В его глазах блестел незнакомый огонь. Сам того не замечая, он придвинулся ко мне совсем близко, так, что я ощущала, какой жар исходит от него в эти минуты.

– Не знаю, – честно ответила я.

– Просто потому, что между смертью, то есть разрушением, и рождением, которое в конечном итоге к ней приводит, тела тысячи раз сближаются для любви, для наслаждения на этом огромном эротическом пространстве, которое вы видите перед глазами. Пейзаж вокруг нас, и здесь, и там – повсюду, усеян воспоминаниями о сотнях и тысячах оргазмов. Тому, кто умеет внимательно смотреть, гораздо проще увидеть следы блаженства, чем отпечатки трагических событий, о которых вы упомянули.

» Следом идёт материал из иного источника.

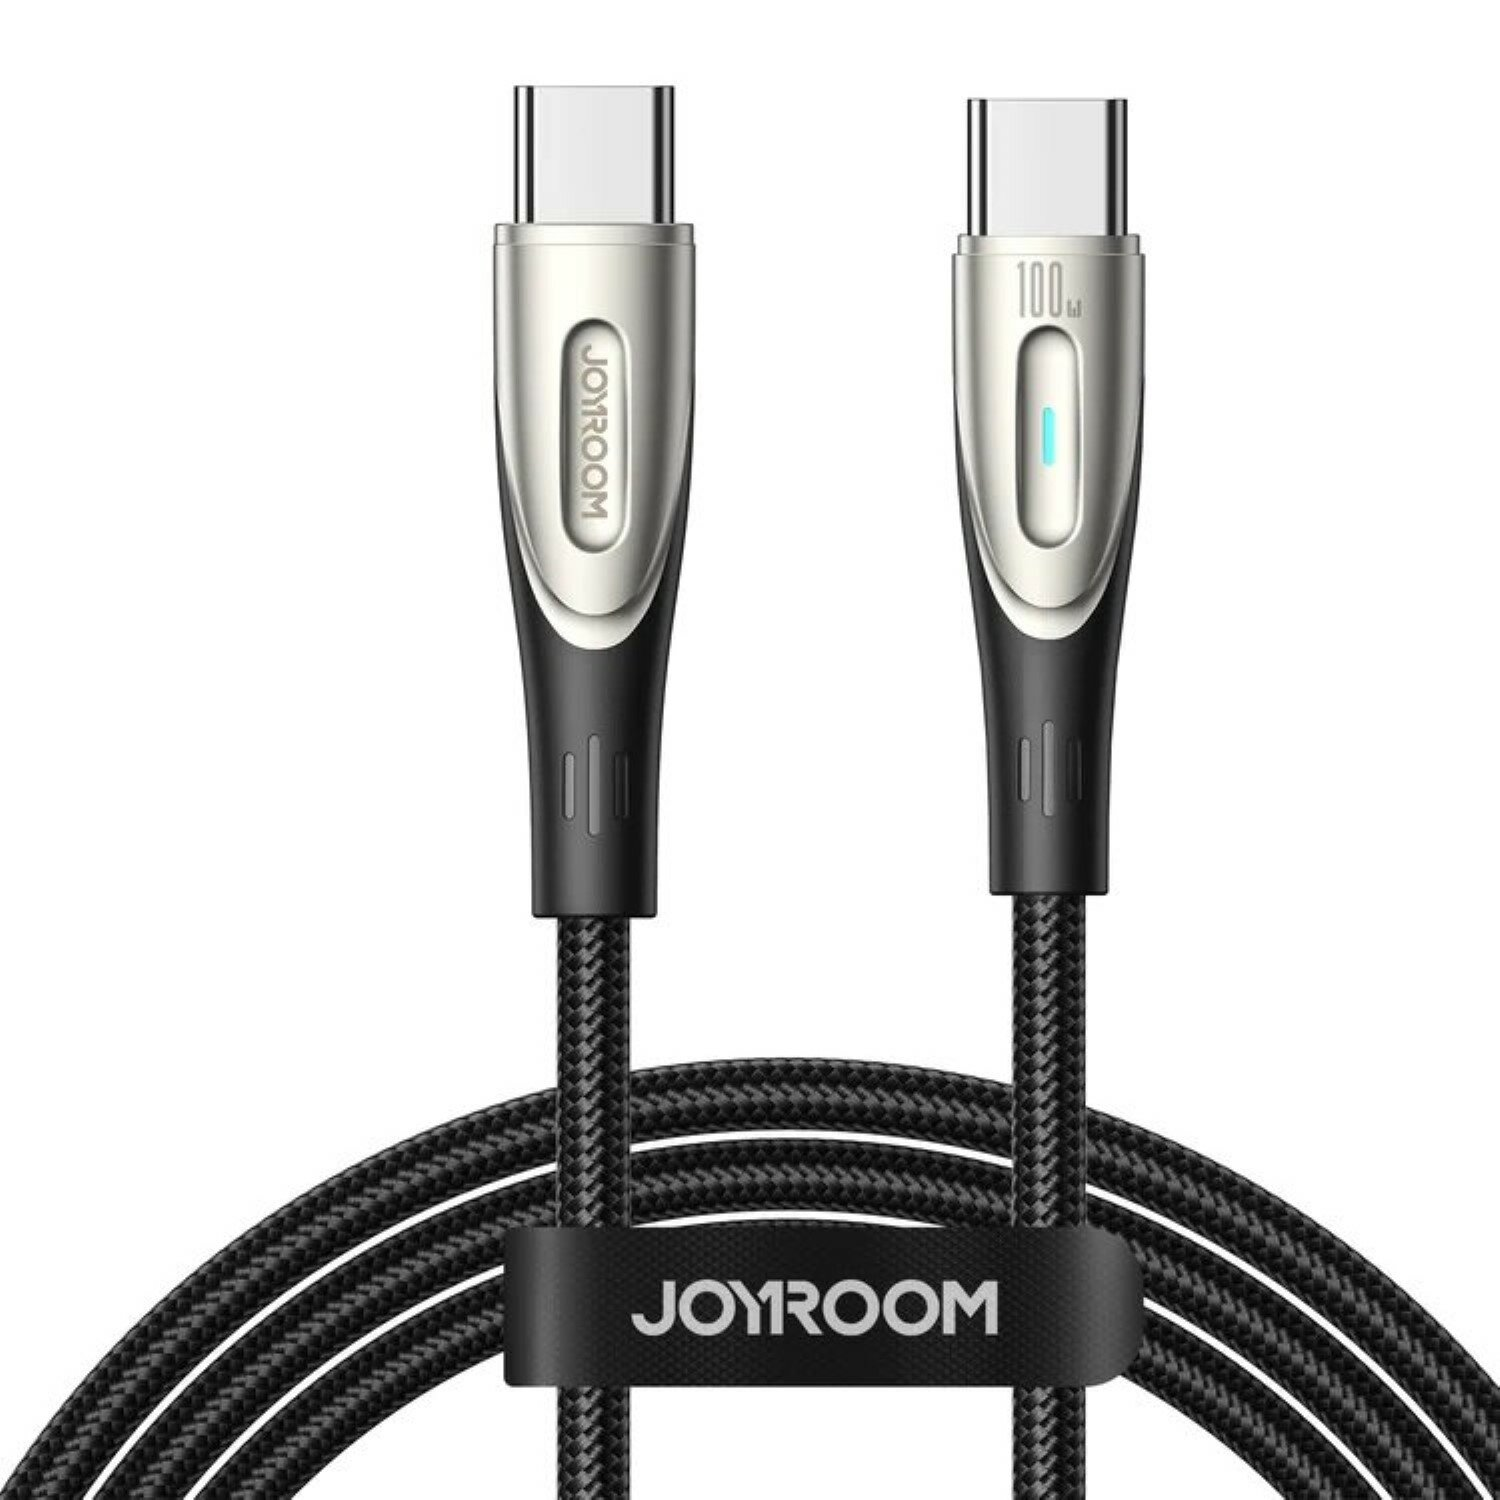 JOYROOM Star-Light Series Ladekabel, 100 USB-C / m, SA27-CC5 USB-C Schwarz W 3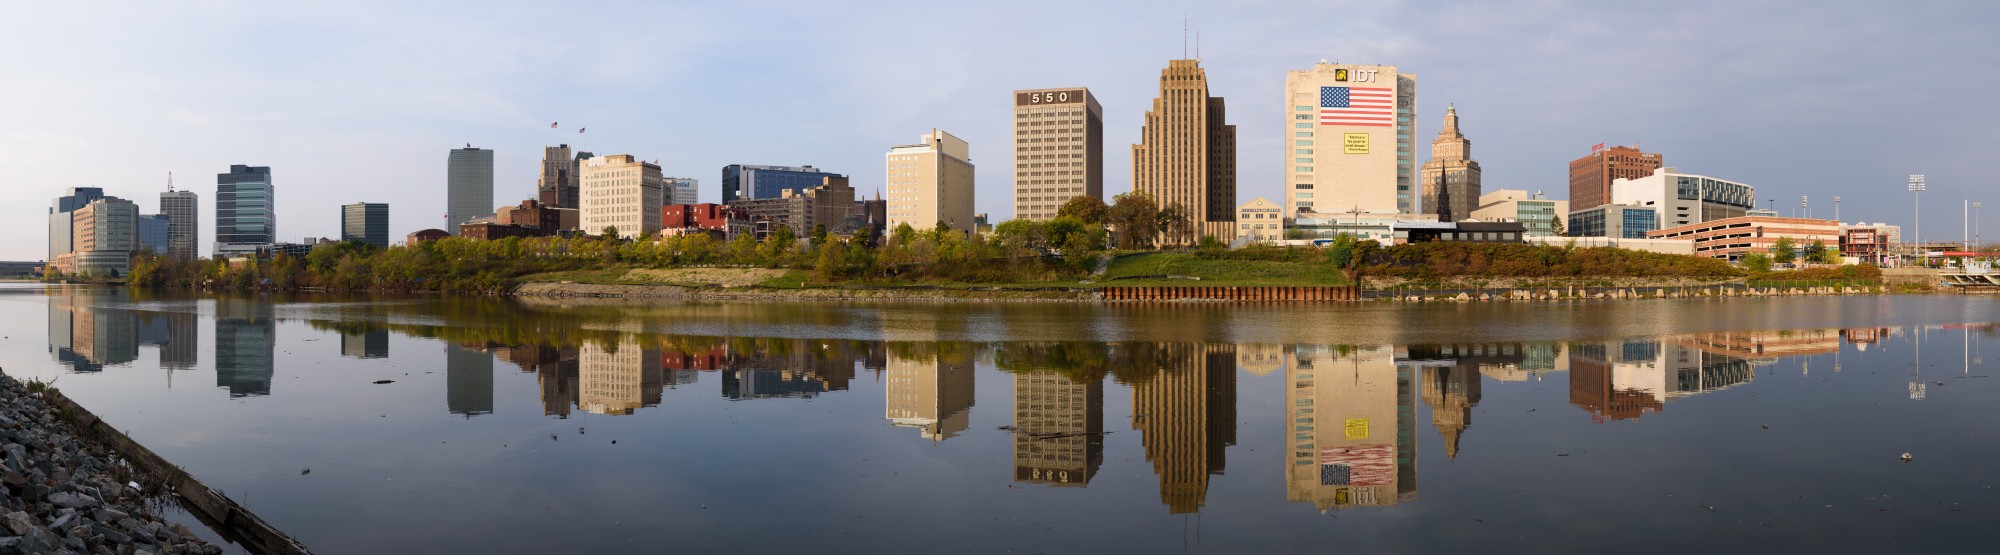 Newark October 2016 panorama

– Может, и так. Но в какой мере это касается нас, вас и меня?

– Потерпите еще некоторое время, я дам исчерпывающий ответ. Вы сами увидите.

Он опять склонился к микрофону, его губы почти коснулись перегородки между передним и задним сиденьями:

– Ришар, прошу, вы не могли бы поторопиться? Спасибо.

В то же мгновение скорость увеличилась, мы пронеслись мимо вереницы автобусов, оставив позади скопление машин, сгрудившихся на улице Сент-Антуан, и на полной скорости выскочили на улицу Риволи, не опасаясь полицейских патрулей, нередких на этом участке дороги.

Он сам, его взгляд, тембр голоса, его запах, небольшое расстояние между нами в салоне автомобиля, его руки, свободно лежащие на тонкой коже сиденья, а ведь они могли бы касаться и другой нежной кожи… Мне стало очень душно, я задыхалась и потому, набравшись решимости, опустила наполовину окно со своей стороны, чтобы струя свежего воздуха привела меня в чувство. Надо взять себя в руки, вернуть самообладание. Нельзя позволить себе оказаться во власти головокружительной слабости.

– Ну, хорошо, посмотрим, – согласилась я. – Но с одним условием: вы все мне расскажете про Аврору, и без врак. Я хочу знать об обстоятельствах ее смерти. Мне нужна правда, Луи, и ничего, кроме правды.

Он посмотрел на меня с некоторым удивлением – неужели я в первый раз назвала его по имени? – и даже с оттенком уважения. С глубоким уважением, я бы сказала, так как в его взгляде я прочитала настоящее и сильное чувство.

Новая волна захлестнула меня, и я не могла этому противиться. Я вдруг подумала, что в тесном и скрытом от посторонних глаз пространстве он мог бы уже тысячу раз, воспользовавшись удобной возможностью, просунуть руку под мои растянувшиеся от времени треники и забраться ко мне в трусы. От этой мысли мышцы влагалища непроизвольно сократились, и мне удалось расслабиться с большим трудом. Страшно представить, а что, если я вдруг начну потеть…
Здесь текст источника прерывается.